France | France, Cour d'appel de Paris, 27 juin 2001, 2001/05141


COUR D'APPEL DE PARIS 1è chambre, section A X... DU 27 JUIN 2001

(N , 7 pages) Numéro d'inscription au répertoire général : 2001/05141 Pas de jonction Décision dont appel : Décision du Bâtonnier rendue le 2/2/2001 par Madame de LA CHAISE, membre du conseil de l'Ordre agissant en qualité de déléguée de M. le Bâtonnier de l'Ordre des Avocats à la Cour de Paris.
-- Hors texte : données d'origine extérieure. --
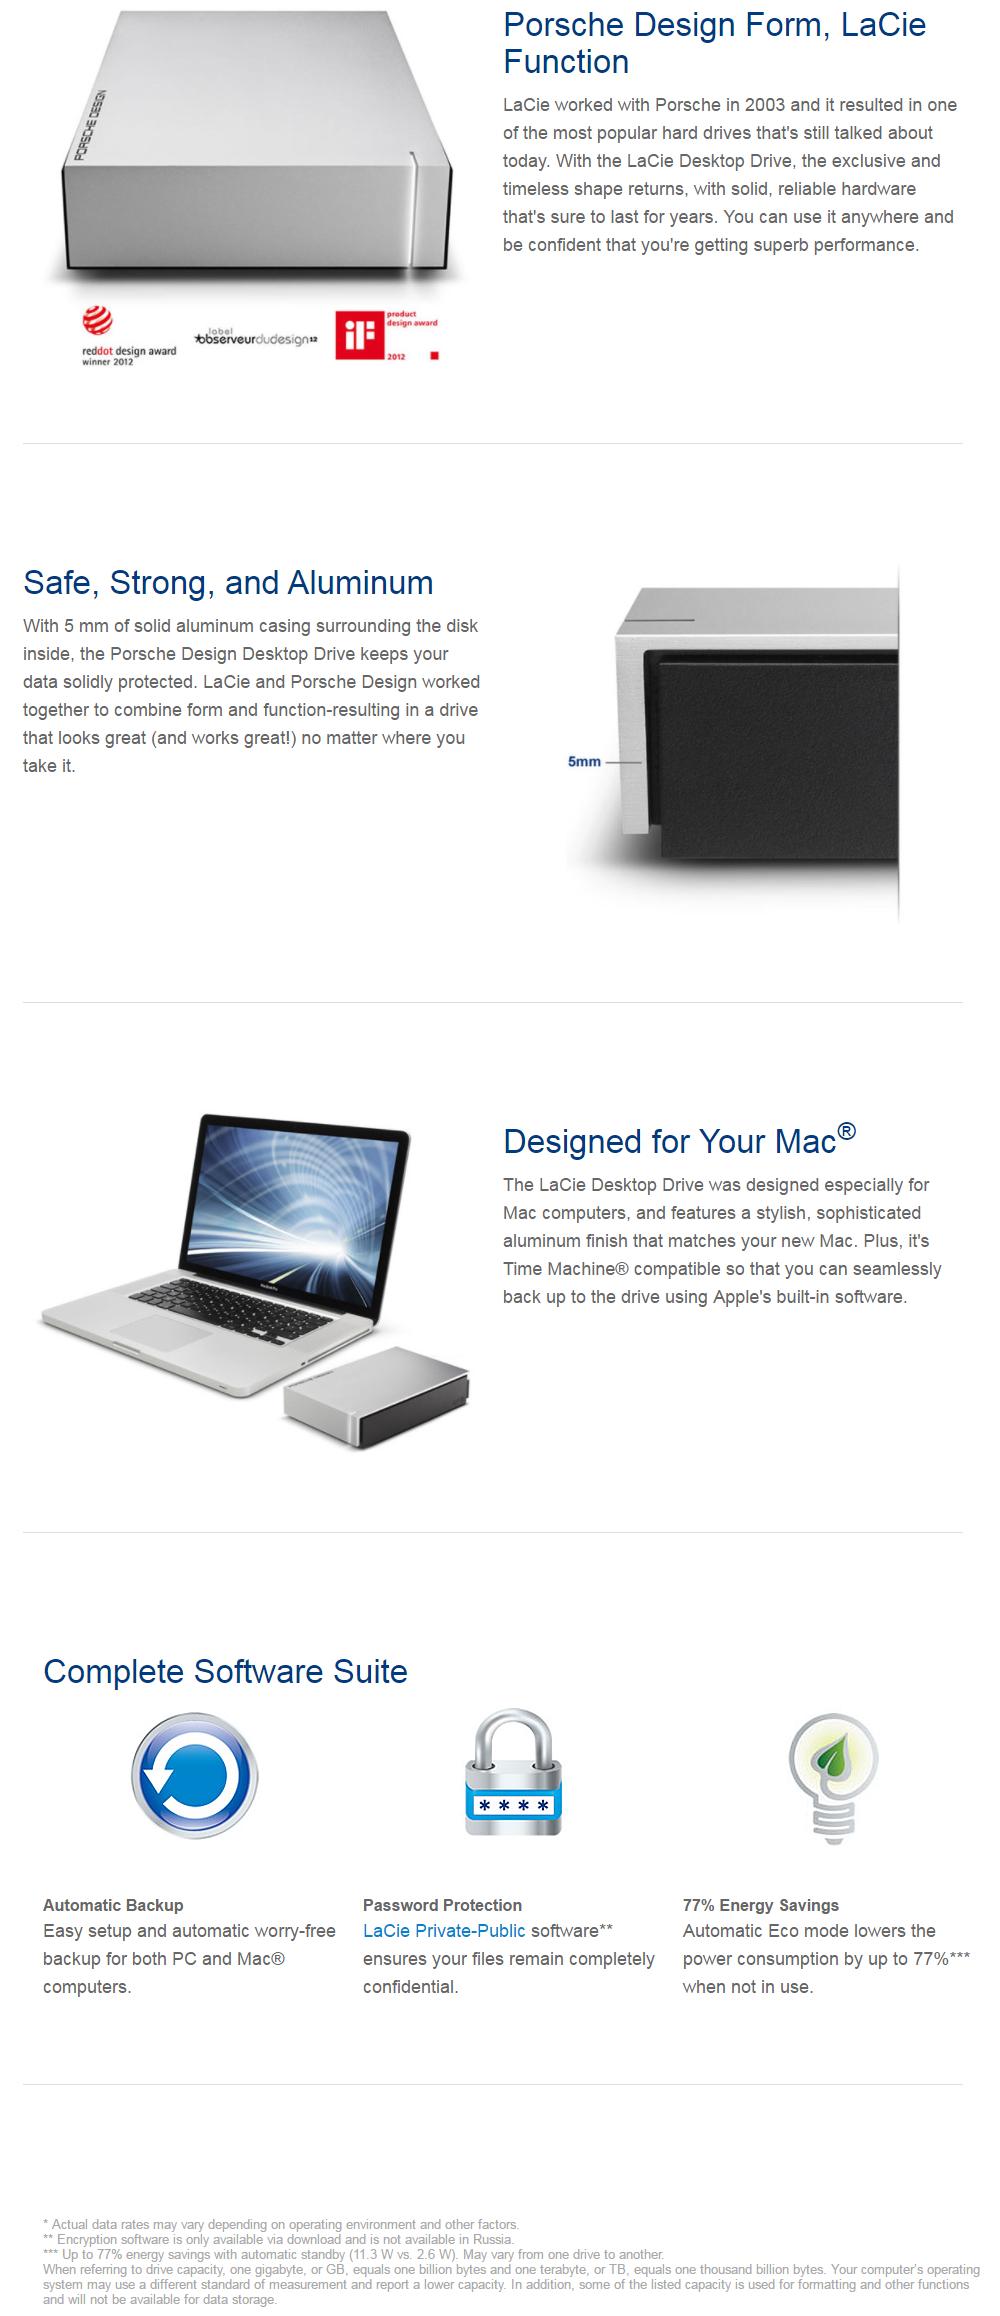 lacie porsche design 4tb usb3 0 desktop drive stew4000400. Black Bedroom Furniture Sets. Home Design Ideas

Nature de la décision : CONTRADICTOIRE Décision : CONFIRMATION DEMANDERESSE AU RECOURS : Madame LEMOINE Y... ... par Maître Jean-Charles GUILLARD, Toque P19, Avocat au Barreau de PARIS plaidant pour la société d

'avocats au barreau de Paris LE FOYER DE COSTIL etamp; GUILLARD COMPOSIT...

COUR D'APPEL DE PARIS 1è chambre, section A X... DU 27 JUIN 2001

(N , 7 pages) Numéro d'inscription au répertoire général : 2001/05141 Pas de jonction Décision dont appel : Décision du Bâtonnier rendue le 2/2/2001 par Madame de LA CHAISE, membre du conseil de l'Ordre agissant en qualité de déléguée de M. le Bâtonnier de l'Ordre des Avocats à la Cour de Paris. Nature de la décision : CONTRADICTOIRE Décision : CONFIRMATION DEMANDERESSE AU RECOURS : Madame LEMOINE Y... ... par Maître Jean-Charles GUILLARD, Toque P19, Avocat au Barreau de PARIS plaidant pour la société d'avocats au barreau de Paris LE FOYER DE COSTIL etamp; GUILLARD COMPOSITION DE LA COUR : Lors des débats et du délibéré, Président :

Monsieur Christian CHARRUAULT Z... :

Madame Geneviève BREGEON Z... :

Monsieur Xavier SAVATIER A... : A l'audience tenue en chambre du conseil du 23 mai 2001 MINISTÈRE PUBLIC représenté lors des débats par Madame Brigitte B..., substitut du Procureur Général, qui a développé ses observations orales. GREFFIER : Lors des débats et du prononcé de l'arrêt : Madame C... X... : contradictoire Prononcé en chambre du conseil par Monsieur CHARRUAULT, Président, lequel a signé la minute avec Madame C..., Greffier - * * *

Le 13 mai 1997, la société FIDUCIAIRE JURIDIQUE ET FISCALE DE FRANCE (la société FIDAL), société d'avocats au barreau des Hauts-de-Seine, a adressé à Mme LEMOINE, avocat au barreau de Paris, une lettre contenant notamment les énonciations suivantes :

"Nous faisons suite aux différents rendez-vous que vous avez eus avec nous et nous avons le plaisir de vous confirmer que nous sommes prêts

à vous engager dans notre Cabinet en tant qu'avocat salarié (...) pour une durée indéterminée (...).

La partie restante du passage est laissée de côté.